» **ACTION ITEM**: Copy out the entries below exactly as they stand, but only from the line containing "Donkeys of nomads" through the line containing "Ollin Professional Окисляющая".

(Items from a dataset)
= = = = = = =
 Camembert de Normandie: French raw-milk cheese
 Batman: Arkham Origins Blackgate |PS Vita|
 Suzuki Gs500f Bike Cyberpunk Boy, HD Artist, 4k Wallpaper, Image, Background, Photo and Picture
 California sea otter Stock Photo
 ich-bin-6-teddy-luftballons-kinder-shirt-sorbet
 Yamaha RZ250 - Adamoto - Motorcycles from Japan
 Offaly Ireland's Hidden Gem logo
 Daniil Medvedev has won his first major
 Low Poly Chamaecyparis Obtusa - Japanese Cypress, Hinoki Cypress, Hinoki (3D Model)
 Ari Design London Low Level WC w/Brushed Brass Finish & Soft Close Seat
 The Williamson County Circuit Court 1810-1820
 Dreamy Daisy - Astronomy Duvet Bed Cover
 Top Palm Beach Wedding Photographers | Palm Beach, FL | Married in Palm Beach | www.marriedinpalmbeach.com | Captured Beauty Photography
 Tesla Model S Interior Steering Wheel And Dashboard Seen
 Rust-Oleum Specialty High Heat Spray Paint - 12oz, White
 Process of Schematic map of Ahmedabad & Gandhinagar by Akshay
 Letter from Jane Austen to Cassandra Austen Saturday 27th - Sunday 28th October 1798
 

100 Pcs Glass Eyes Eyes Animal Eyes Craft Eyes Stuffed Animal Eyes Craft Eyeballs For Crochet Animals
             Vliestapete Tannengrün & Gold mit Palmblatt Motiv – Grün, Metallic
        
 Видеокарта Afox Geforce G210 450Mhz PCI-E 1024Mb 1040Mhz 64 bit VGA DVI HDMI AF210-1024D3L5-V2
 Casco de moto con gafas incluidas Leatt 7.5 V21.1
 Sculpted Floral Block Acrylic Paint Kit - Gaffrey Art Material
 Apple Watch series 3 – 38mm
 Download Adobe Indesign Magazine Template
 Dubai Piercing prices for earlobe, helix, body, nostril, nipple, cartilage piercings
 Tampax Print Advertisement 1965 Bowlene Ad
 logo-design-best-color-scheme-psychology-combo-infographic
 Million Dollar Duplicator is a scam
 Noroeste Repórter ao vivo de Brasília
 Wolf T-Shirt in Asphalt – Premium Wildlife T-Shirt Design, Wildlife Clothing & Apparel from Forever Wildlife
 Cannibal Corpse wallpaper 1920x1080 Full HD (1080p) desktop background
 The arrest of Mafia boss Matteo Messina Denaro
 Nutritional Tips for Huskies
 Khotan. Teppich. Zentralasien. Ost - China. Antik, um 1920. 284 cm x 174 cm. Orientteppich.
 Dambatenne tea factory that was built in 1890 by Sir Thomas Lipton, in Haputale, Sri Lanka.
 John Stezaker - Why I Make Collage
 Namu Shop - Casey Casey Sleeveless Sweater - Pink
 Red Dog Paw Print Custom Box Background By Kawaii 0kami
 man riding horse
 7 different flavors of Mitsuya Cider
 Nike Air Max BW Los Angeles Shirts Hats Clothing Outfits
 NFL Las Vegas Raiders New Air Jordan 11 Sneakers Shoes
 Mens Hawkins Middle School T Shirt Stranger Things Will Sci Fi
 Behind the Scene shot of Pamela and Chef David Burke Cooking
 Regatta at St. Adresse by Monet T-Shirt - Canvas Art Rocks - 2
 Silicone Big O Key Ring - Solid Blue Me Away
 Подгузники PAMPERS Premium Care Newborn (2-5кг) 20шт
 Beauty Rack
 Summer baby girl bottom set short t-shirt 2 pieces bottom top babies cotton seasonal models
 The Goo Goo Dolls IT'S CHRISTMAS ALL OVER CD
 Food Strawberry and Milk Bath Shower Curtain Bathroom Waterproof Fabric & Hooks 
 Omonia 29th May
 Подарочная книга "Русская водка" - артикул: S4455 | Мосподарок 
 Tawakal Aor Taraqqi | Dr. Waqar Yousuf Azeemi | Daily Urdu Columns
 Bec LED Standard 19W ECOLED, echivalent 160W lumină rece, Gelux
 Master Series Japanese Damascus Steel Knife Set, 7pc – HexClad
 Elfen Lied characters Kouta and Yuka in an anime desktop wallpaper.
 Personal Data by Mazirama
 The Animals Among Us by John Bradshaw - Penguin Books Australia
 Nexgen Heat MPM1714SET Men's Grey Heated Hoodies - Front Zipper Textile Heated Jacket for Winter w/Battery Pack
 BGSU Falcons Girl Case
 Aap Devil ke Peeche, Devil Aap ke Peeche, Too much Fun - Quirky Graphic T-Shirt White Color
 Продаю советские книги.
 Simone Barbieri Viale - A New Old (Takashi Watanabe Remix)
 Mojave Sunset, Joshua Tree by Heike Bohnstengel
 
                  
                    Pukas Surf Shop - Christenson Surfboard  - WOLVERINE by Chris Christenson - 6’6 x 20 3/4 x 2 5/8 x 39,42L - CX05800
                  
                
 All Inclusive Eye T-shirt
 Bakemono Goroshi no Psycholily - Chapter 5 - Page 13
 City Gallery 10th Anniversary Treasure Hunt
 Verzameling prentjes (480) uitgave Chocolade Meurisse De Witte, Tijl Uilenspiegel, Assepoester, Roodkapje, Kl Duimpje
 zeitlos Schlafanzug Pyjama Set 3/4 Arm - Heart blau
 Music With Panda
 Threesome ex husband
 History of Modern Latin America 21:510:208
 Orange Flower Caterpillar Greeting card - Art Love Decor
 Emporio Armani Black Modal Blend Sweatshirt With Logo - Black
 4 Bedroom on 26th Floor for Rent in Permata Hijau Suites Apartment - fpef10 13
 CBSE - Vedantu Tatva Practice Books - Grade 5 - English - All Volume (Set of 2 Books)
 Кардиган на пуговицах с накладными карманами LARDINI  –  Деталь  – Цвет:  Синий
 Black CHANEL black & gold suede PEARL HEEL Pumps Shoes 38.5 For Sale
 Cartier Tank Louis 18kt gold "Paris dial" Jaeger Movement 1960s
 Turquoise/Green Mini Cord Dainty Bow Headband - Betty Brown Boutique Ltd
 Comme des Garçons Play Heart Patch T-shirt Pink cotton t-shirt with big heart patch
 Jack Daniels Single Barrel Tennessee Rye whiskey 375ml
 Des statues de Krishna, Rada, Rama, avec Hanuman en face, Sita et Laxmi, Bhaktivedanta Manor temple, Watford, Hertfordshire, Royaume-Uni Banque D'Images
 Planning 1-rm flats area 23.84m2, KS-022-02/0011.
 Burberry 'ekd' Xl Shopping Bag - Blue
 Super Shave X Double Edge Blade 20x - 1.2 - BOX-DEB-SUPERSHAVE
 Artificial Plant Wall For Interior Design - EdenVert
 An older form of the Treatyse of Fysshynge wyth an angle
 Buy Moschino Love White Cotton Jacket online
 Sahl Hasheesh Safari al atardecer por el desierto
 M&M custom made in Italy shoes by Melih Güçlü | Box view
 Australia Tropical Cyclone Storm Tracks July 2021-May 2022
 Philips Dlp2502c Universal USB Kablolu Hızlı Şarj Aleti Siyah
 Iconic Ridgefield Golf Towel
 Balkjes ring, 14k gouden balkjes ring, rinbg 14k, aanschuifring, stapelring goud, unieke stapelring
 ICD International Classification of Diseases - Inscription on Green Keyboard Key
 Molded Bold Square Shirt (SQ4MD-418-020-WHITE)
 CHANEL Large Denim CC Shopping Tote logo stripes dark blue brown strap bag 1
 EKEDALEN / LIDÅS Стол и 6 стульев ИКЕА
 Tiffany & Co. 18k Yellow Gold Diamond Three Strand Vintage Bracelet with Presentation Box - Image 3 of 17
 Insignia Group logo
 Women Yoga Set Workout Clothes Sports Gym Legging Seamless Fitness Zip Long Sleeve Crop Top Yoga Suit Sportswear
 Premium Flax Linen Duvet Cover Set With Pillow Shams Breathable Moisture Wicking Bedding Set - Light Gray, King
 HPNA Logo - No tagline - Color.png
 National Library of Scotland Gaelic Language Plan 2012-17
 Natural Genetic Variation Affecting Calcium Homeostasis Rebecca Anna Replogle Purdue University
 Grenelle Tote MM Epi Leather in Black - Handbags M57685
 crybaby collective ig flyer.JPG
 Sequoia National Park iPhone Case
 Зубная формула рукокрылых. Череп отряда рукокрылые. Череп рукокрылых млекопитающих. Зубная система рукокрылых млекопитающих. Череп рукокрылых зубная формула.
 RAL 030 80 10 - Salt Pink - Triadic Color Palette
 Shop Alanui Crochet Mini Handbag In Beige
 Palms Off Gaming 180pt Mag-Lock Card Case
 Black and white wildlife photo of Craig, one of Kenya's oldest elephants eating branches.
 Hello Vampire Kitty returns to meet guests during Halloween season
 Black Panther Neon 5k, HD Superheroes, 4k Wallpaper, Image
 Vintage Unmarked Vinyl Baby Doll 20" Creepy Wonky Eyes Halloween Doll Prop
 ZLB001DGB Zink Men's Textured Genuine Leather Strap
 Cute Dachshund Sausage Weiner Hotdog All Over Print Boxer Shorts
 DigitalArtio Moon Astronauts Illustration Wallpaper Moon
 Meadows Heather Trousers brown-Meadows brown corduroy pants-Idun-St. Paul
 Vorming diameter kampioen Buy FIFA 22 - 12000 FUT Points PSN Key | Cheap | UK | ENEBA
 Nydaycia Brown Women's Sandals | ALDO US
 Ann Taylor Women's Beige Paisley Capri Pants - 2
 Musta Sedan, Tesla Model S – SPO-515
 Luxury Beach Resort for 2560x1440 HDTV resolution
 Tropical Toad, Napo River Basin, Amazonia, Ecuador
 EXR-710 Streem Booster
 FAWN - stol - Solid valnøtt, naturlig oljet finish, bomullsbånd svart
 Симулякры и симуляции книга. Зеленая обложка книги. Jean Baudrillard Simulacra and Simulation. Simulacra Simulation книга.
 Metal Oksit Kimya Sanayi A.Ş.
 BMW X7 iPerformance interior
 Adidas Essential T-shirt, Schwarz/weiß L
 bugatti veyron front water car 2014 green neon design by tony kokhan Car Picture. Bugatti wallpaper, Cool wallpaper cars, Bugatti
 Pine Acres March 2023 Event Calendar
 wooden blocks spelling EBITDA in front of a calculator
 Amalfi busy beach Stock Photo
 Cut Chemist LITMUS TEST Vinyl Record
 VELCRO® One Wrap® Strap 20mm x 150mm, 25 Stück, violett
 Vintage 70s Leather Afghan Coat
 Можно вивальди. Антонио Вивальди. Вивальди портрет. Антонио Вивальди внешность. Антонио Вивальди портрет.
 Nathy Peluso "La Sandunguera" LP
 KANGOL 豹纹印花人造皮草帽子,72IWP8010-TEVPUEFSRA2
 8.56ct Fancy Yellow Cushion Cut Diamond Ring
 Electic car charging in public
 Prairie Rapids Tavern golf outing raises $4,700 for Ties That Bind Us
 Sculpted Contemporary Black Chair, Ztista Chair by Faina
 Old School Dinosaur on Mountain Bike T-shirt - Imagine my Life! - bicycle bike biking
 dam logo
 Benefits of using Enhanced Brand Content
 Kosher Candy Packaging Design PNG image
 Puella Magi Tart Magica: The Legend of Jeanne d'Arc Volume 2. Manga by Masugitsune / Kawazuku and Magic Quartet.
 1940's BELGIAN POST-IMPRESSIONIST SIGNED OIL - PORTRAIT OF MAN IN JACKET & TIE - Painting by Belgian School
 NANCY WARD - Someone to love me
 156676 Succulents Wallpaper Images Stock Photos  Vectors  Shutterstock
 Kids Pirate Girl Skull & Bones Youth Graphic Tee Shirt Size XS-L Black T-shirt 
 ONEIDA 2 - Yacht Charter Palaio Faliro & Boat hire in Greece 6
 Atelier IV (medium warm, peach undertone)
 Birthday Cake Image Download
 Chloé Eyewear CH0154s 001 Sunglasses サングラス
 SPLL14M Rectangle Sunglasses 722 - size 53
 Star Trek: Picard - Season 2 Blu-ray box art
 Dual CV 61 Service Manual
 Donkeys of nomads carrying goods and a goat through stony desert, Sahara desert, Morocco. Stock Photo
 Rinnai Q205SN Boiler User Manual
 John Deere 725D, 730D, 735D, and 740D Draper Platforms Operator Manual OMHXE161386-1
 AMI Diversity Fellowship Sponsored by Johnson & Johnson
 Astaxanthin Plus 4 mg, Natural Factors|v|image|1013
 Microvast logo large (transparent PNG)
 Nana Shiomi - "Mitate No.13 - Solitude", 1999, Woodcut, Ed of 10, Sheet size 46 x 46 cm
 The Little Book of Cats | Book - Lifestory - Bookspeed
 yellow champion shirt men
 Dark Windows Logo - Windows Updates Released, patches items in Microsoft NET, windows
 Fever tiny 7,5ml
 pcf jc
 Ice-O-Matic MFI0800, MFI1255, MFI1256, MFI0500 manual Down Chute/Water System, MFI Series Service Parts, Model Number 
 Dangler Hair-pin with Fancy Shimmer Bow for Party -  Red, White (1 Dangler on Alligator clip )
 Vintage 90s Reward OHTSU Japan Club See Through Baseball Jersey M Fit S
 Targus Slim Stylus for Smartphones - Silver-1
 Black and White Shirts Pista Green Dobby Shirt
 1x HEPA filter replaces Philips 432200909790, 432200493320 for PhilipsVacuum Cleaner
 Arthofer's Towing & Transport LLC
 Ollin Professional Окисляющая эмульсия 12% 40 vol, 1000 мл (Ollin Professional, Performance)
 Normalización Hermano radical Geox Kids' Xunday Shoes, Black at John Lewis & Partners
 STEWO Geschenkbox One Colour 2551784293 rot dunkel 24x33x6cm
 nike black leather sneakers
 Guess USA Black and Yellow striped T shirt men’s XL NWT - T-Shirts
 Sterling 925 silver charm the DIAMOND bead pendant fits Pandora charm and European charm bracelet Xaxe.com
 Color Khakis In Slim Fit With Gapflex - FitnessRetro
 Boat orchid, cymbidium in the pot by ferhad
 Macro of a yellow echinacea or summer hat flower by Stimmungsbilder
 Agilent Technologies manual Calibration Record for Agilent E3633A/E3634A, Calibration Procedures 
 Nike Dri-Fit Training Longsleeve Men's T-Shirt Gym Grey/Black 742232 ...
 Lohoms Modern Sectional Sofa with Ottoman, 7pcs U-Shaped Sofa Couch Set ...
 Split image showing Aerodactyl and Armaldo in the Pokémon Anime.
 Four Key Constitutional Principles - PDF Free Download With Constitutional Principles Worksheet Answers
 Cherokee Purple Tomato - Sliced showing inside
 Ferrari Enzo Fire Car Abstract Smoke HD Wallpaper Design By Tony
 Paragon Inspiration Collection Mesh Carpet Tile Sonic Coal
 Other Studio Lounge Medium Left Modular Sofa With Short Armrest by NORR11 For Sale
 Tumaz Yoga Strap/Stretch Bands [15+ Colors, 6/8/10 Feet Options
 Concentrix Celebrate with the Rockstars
= = = = = = =
» **OUTPUT OF THE EXERCISE**:
 Donkeys of nomads carrying goods and a goat through stony desert, Sahara desert, Morocco. Stock Photo
 Rinnai Q205SN Boiler User Manual
 John Deere 725D, 730D, 735D, and 740D Draper Platforms Operator Manual OMHXE161386-1
 AMI Diversity Fellowship Sponsored by Johnson & Johnson
 Astaxanthin Plus 4 mg, Natural Factors|v|image|1013
 Microvast logo large (transparent PNG)
 Nana Shiomi - "Mitate No.13 - Solitude", 1999, Woodcut, Ed of 10, Sheet size 46 x 46 cm
 The Little Book of Cats | Book - Lifestory - Bookspeed
 yellow champion shirt men
 Dark Windows Logo - Windows Updates Released, patches items in Microsoft NET, windows
 Fever tiny 7,5ml
 pcf jc
 Ice-O-Matic MFI0800, MFI1255, MFI1256, MFI0500 manual Down Chute/Water System, MFI Series Service Parts, Model Number 
 Dangler Hair-pin with Fancy Shimmer Bow for Party -  Red, White (1 Dangler on Alligator clip )
 Vintage 90s Reward OHTSU Japan Club See Through Baseball Jersey M Fit S
 Targus Slim Stylus for Smartphones - Silver-1
 Black and White Shirts Pista Green Dobby Shirt
 1x HEPA filter replaces Philips 432200909790, 432200493320 for PhilipsVacuum Cleaner
 Arthofer's Towing & Transport LLC
 Ollin Professional Окисляющая эмульсия 12% 40 vol, 1000 мл (Ollin Professional, Performance)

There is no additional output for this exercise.